■ **Problem details**
Could you give back exactly the lines below from the one with "Expandable medical device" through the one with "E-01.02 Recognize, Pronounce, &", without a single picture?

■ **Information**
◇ ◇ ◇ ◇ ◇
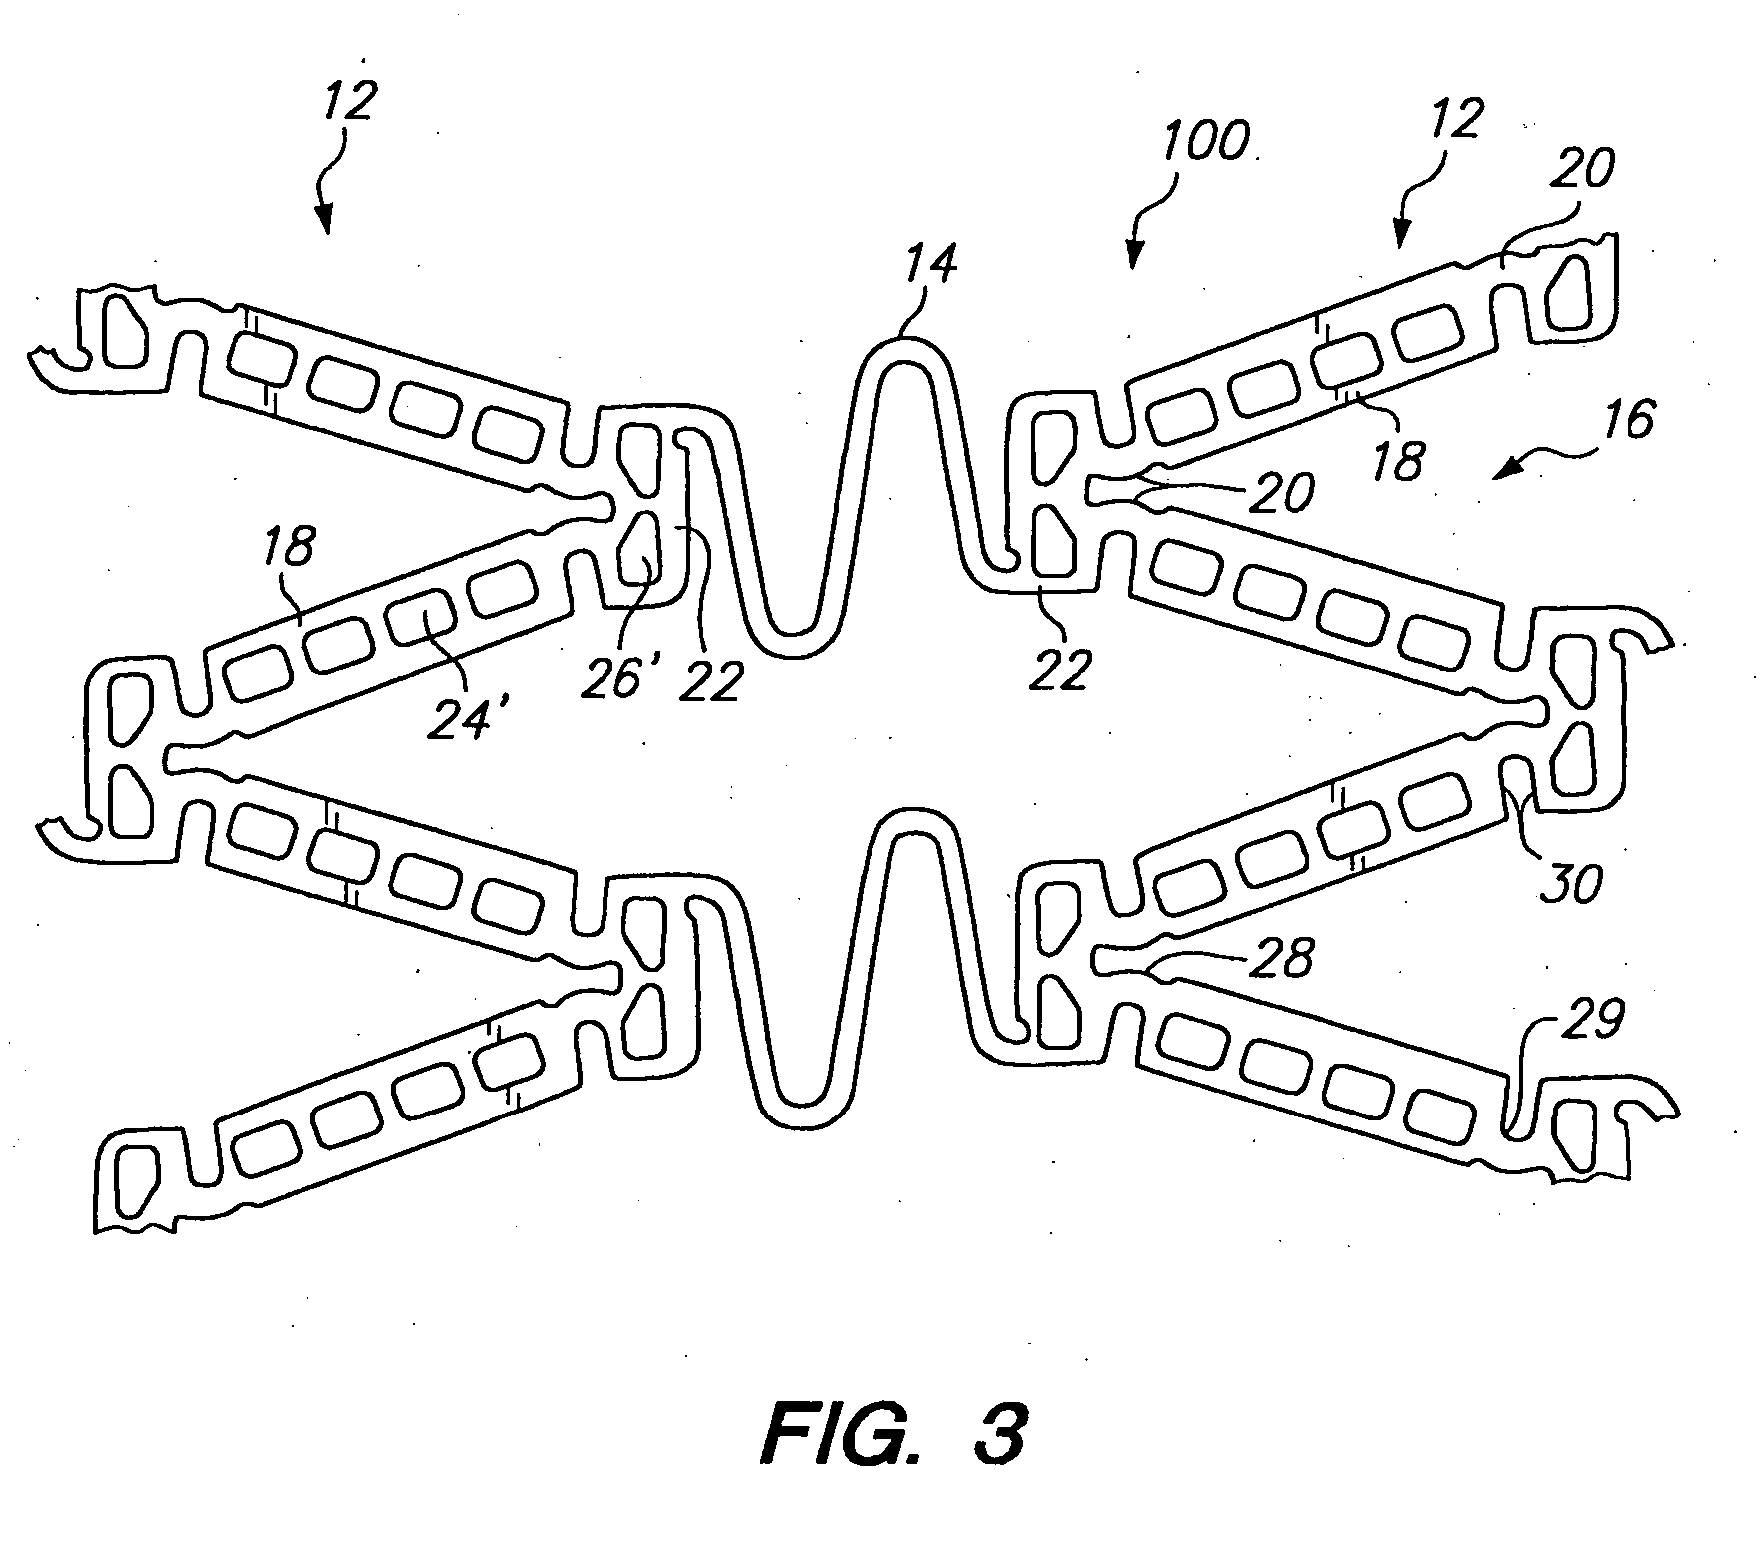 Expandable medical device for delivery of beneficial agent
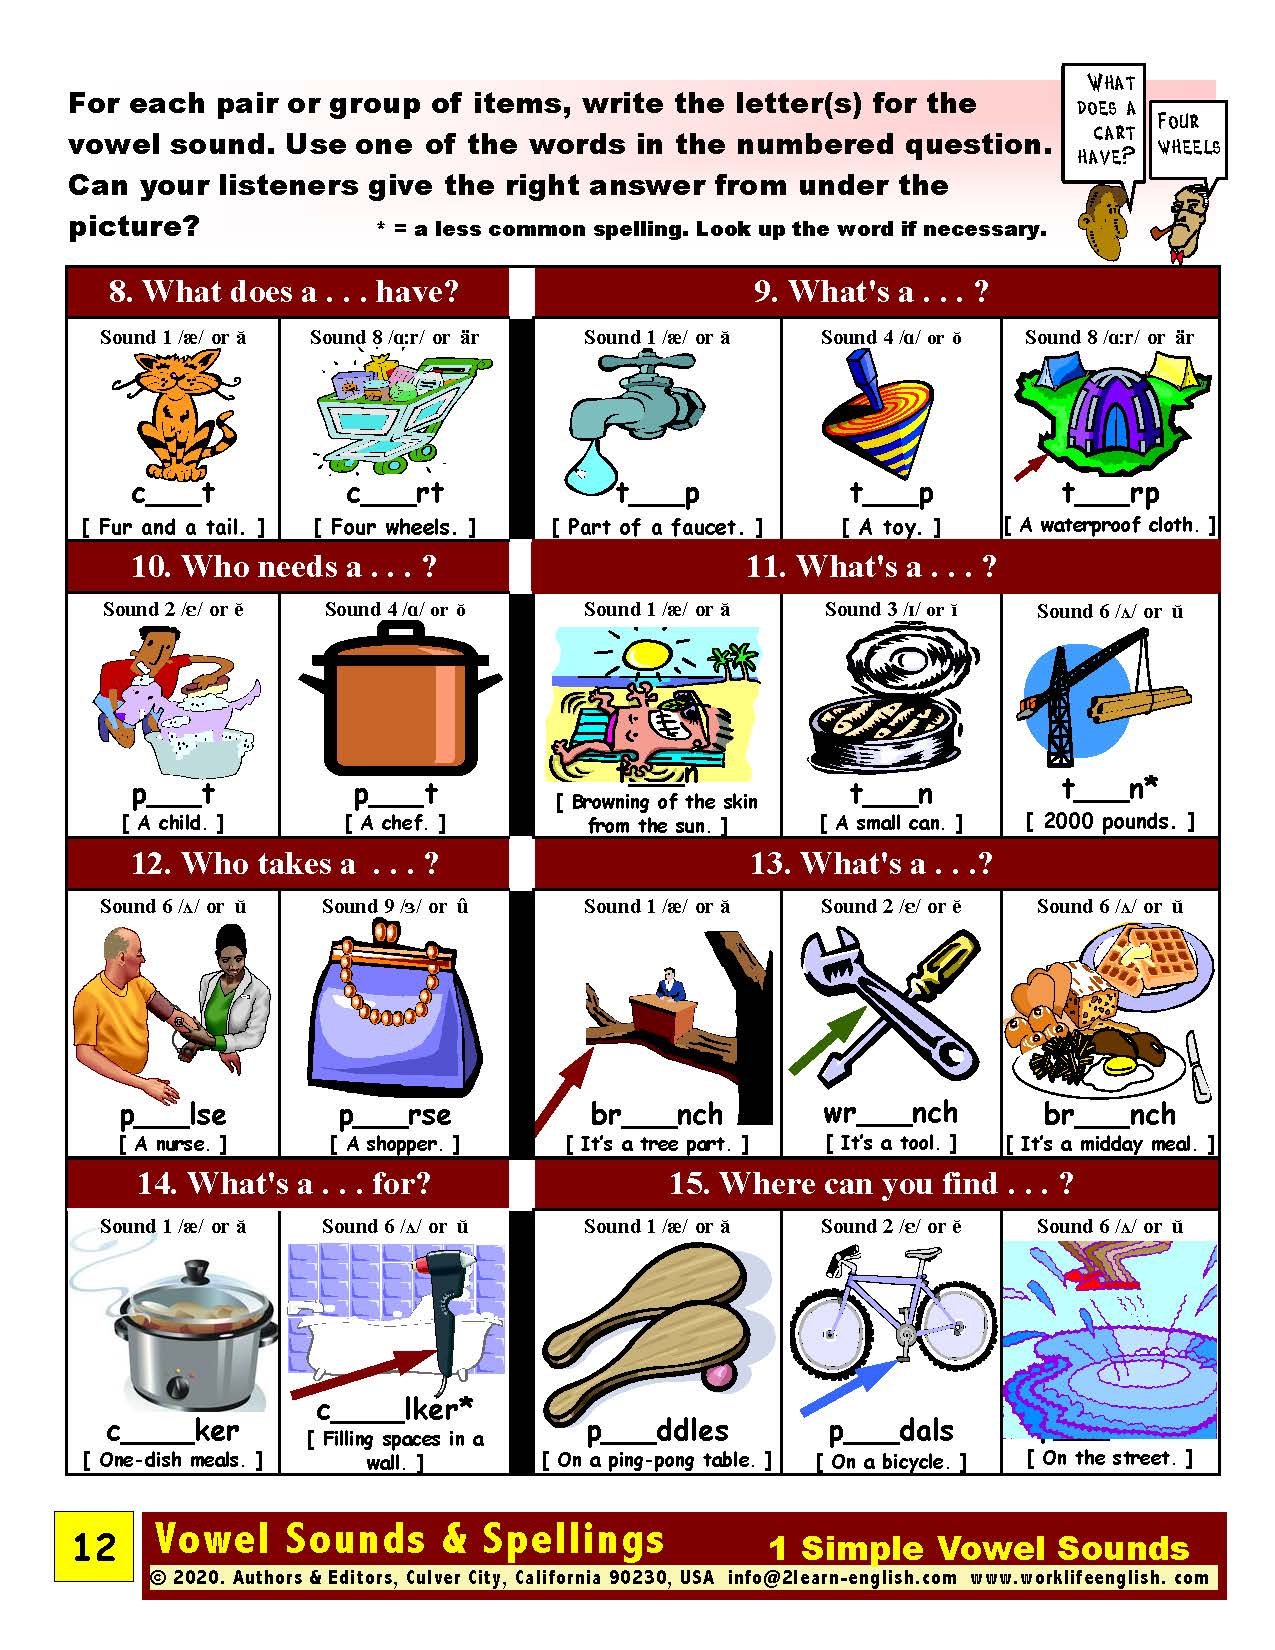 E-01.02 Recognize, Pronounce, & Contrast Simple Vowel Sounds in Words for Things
◇ ◇ ◇ ◇ ◇
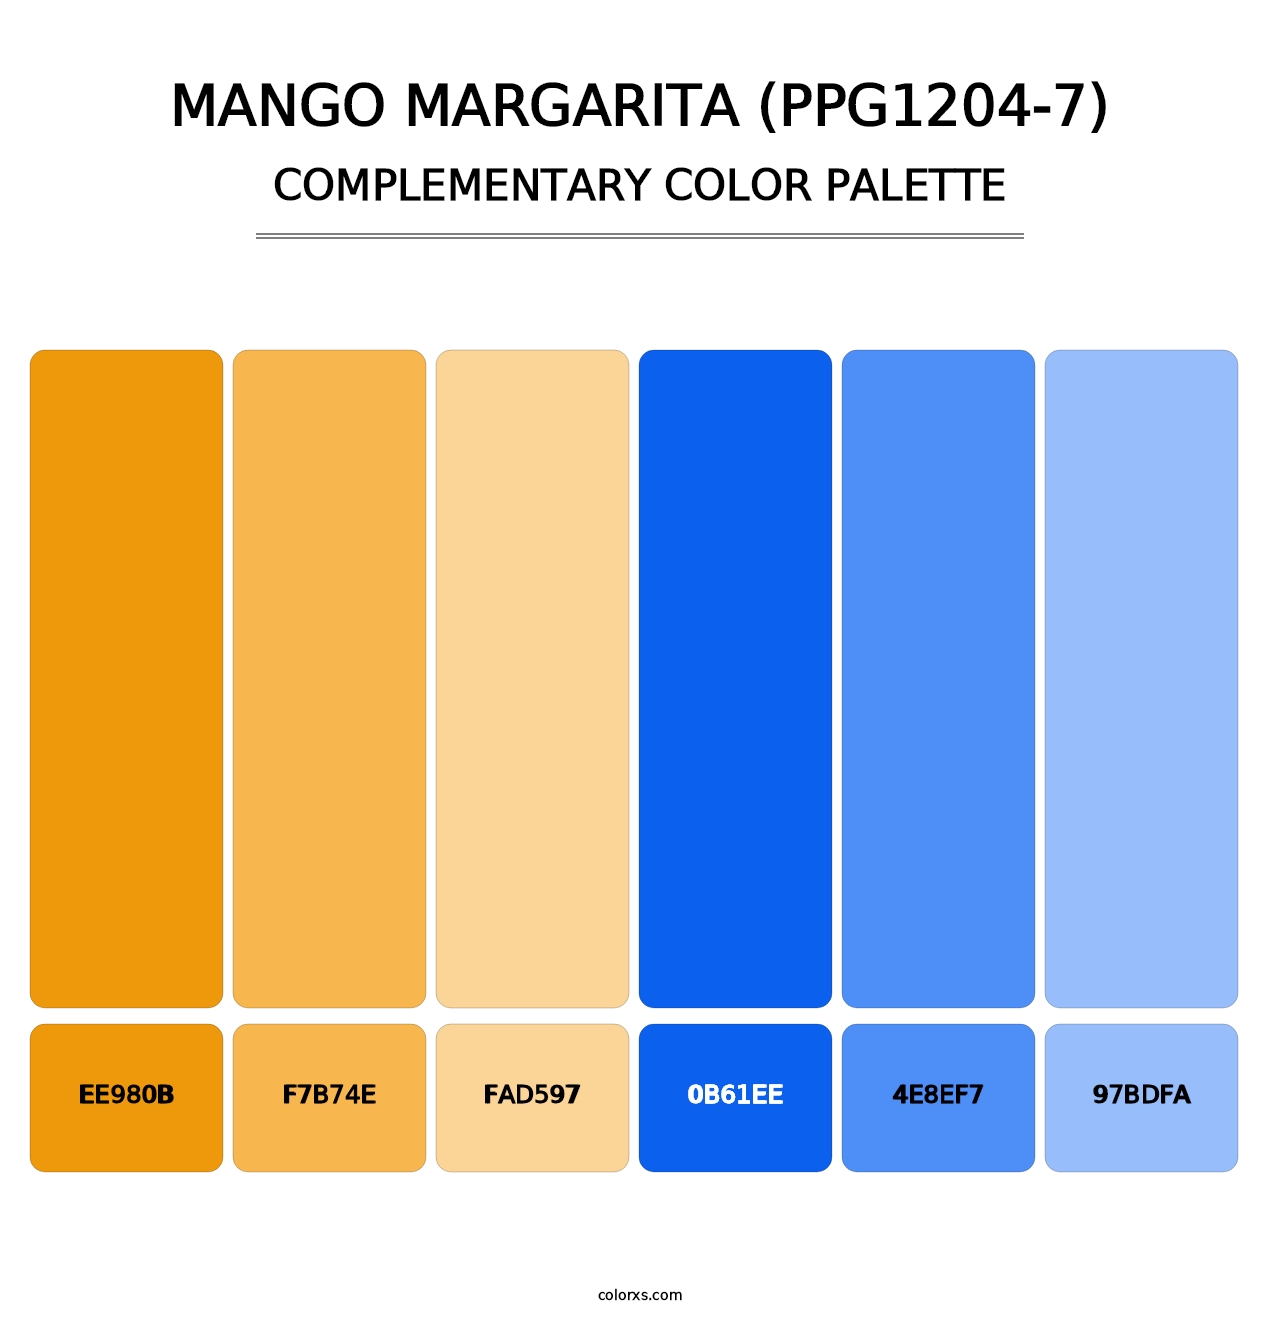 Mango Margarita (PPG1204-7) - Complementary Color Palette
◇ ◇ ◇ ◇ ◇
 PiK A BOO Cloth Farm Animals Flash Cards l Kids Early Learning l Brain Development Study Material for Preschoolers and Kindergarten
◇ ◇ ◇ ◇ ◇
■ **Result of this exercise**
 Expandable medical device for delivery of beneficial agent
 E-01.02 Recognize, Pronounce, & Contrast Simple Vowel Sounds in Words for Things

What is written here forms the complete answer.